# Forum > News > Community Chat > The Back Room >  Edited Singing Sunflower

## Exnintythree

Well, I thought this was appropriate. And I haven't posted on MMOwned in forever...

Sorry, no download available for the edit right now, but I'm sure it wouldn't be to hard for you to do recreate the edit. If not, I'll try to post it eventually.

So, here it is.

----------


## Yamachi

This isn't a texture swap at all and has nothing to do with model editing... It's a shooped image.

----------


## Exnintythree

> This isn't a texture swap at all and has nothing to do with model editing... It's a shooped image.


It may not be a texture swap, because I have no idea what to post it as since I never visit this website. But it is in fact a model that was edited. So why would it not have anything to do with "model editing?"

----------


## MadameGrip

Haha I want to see that from different angles before I believe that this is anything else than pure trolling  :Big Grin:

----------


## Leonim

I litterally lol'd irl
+rep

----------


## dasde

I wanna rename this to "Singing Troll" "Teaches you to summon Singing Troll, trolololololo"

----------


## dazzidrood

hahaha it would be so f*ckin awesome if some1 could do that edit  :Big Grin: 

+rep because you made my day  :Smile:

----------


## Yamachi

> It may not be a texture swap, because I have no idea what to post it as since I never visit this website. But it is in fact a model that was edited. So why would it not have anything to do with "model editing?"

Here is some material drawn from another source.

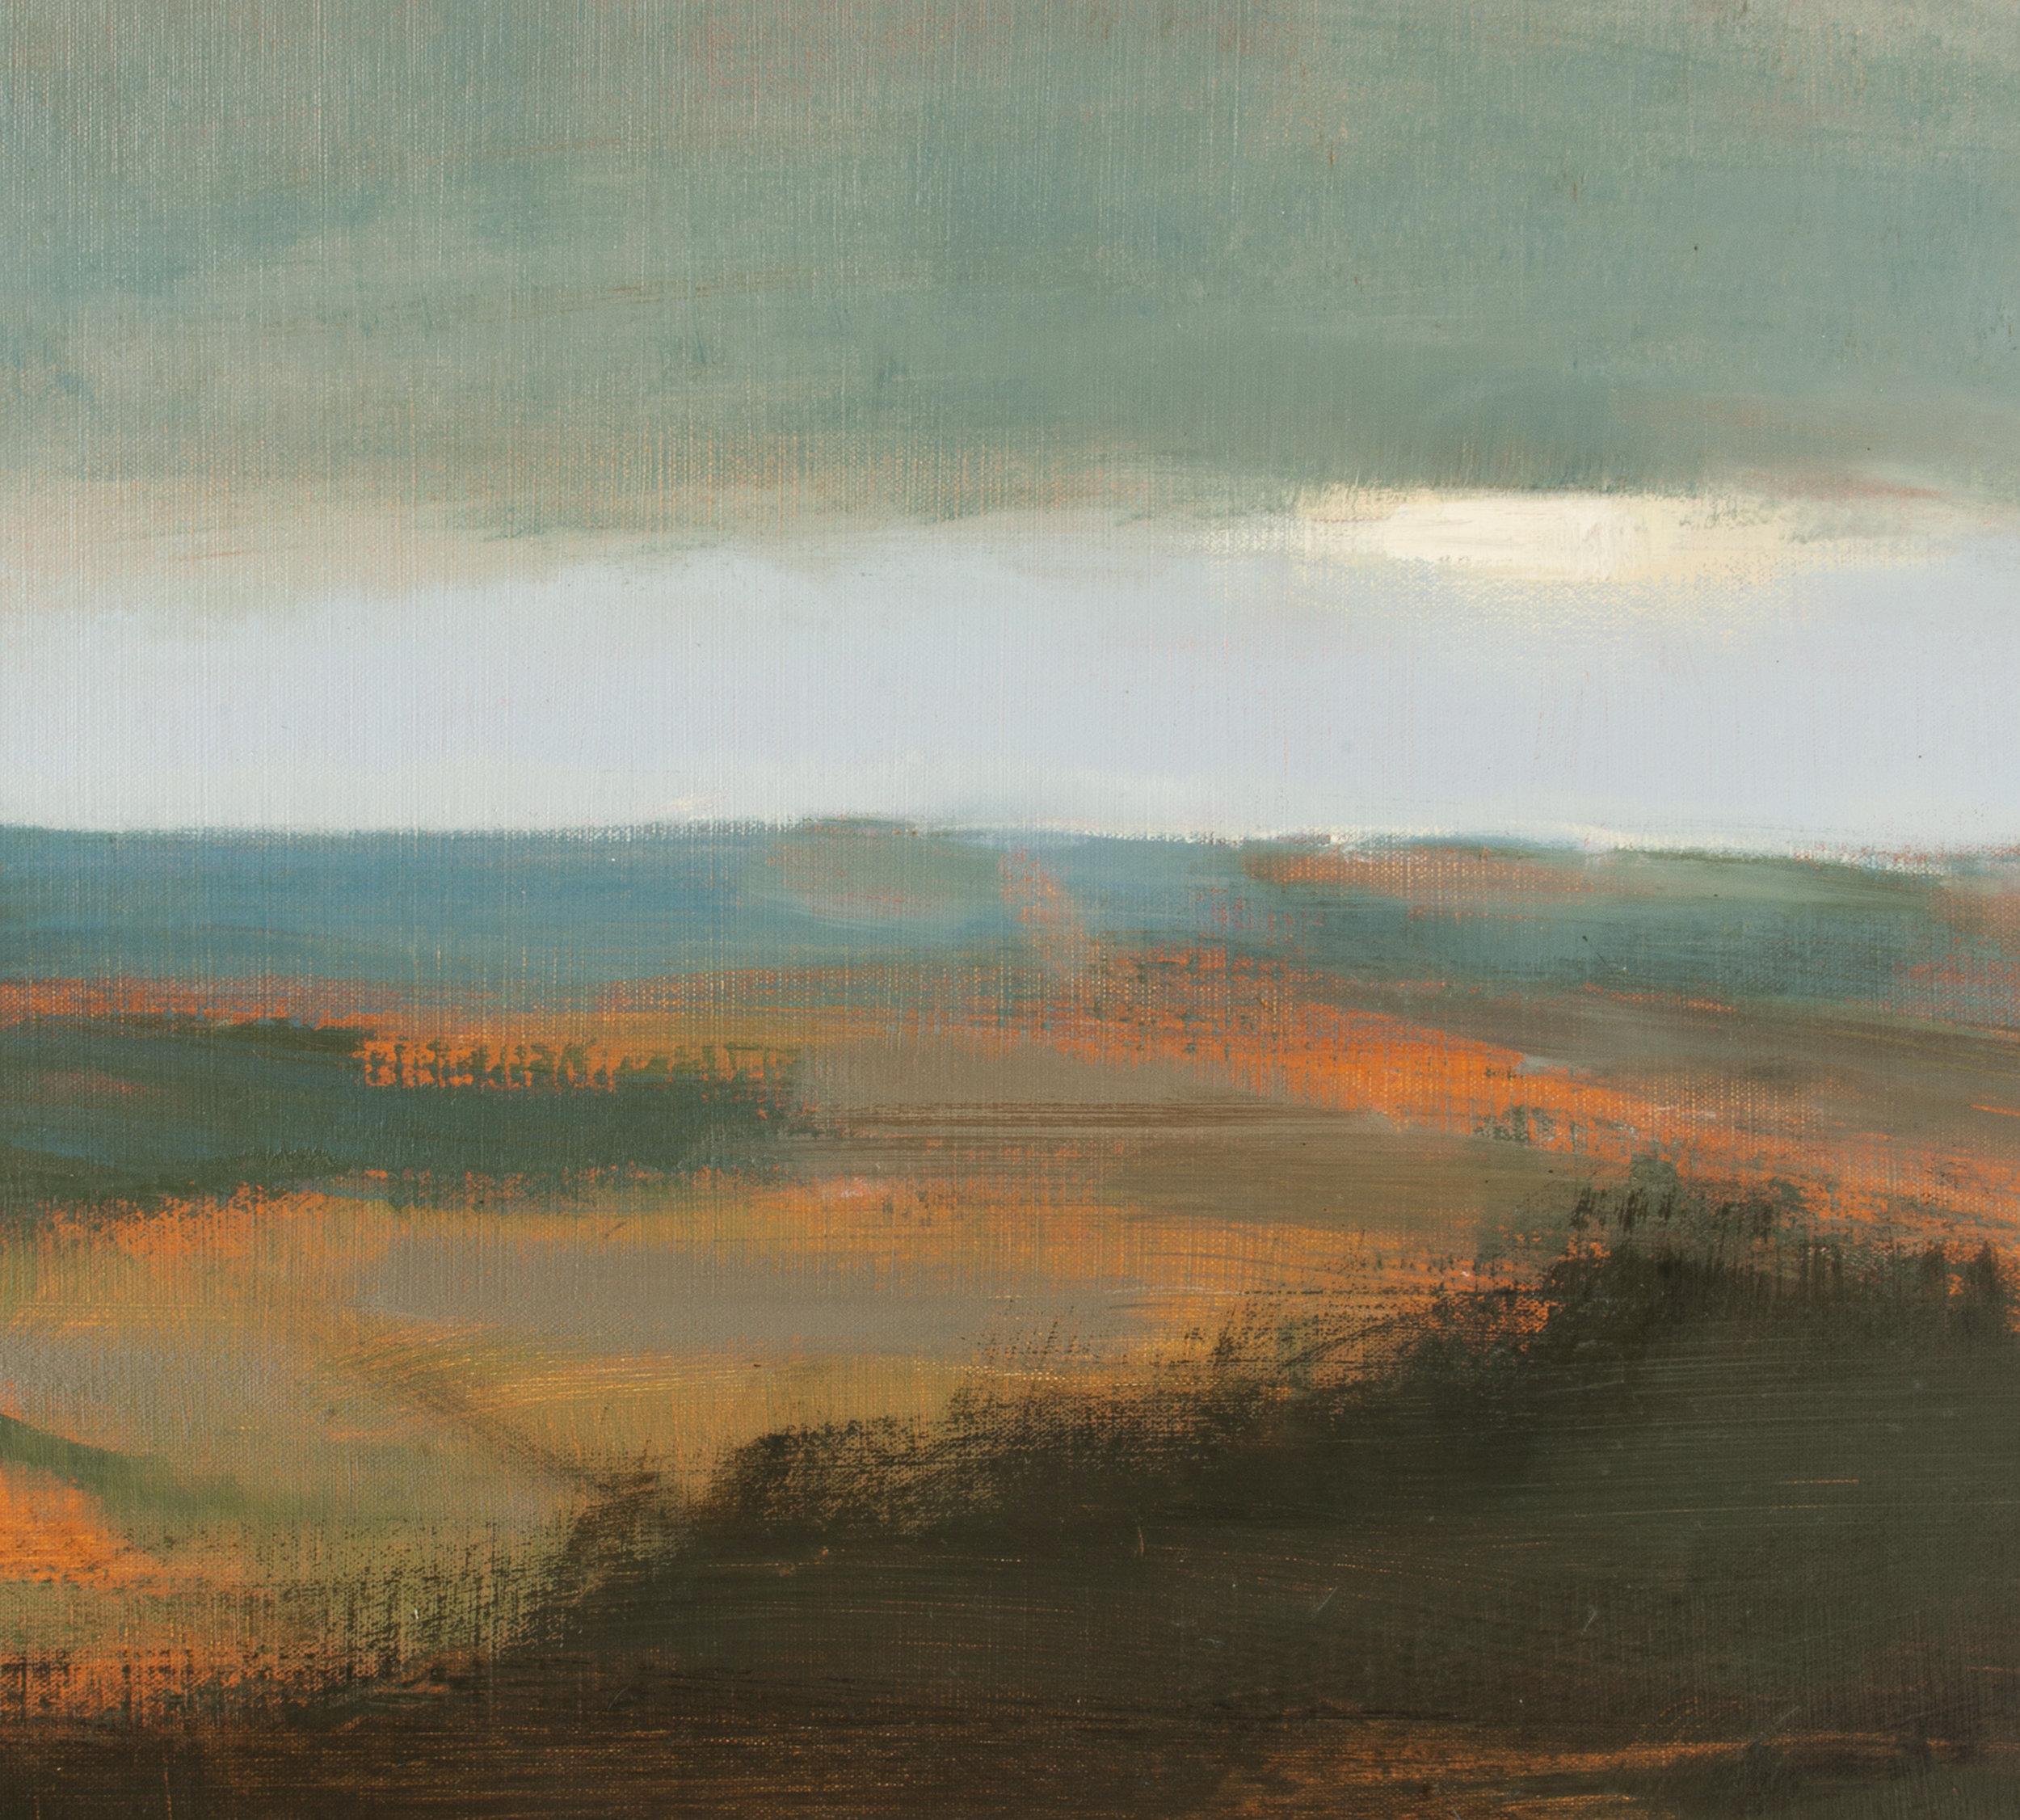 Artist: David Scott Moore  Title: Mill Hill Summer Landscape - 2019  Size: 66 x 61 cm  Medium: Oil on canvas  Price: £1400

How on Earth could you possibly think this is a model edit? It's not an edited model, it's an edited SCREENSHOT.
This thread should have been posted here, here, or (at a stretch) here and not in this forum.

/thread

----------


## mariodk

i got a idea for Texture for sunflower make it to Fire Flower from Super Mario games

----------


## Reflection

No download nor a real model edit, moved to back room.

----------


## culdin

actually this is just a texture edit. totally possible i will think about replicating this tomorrow so you guys can download

----------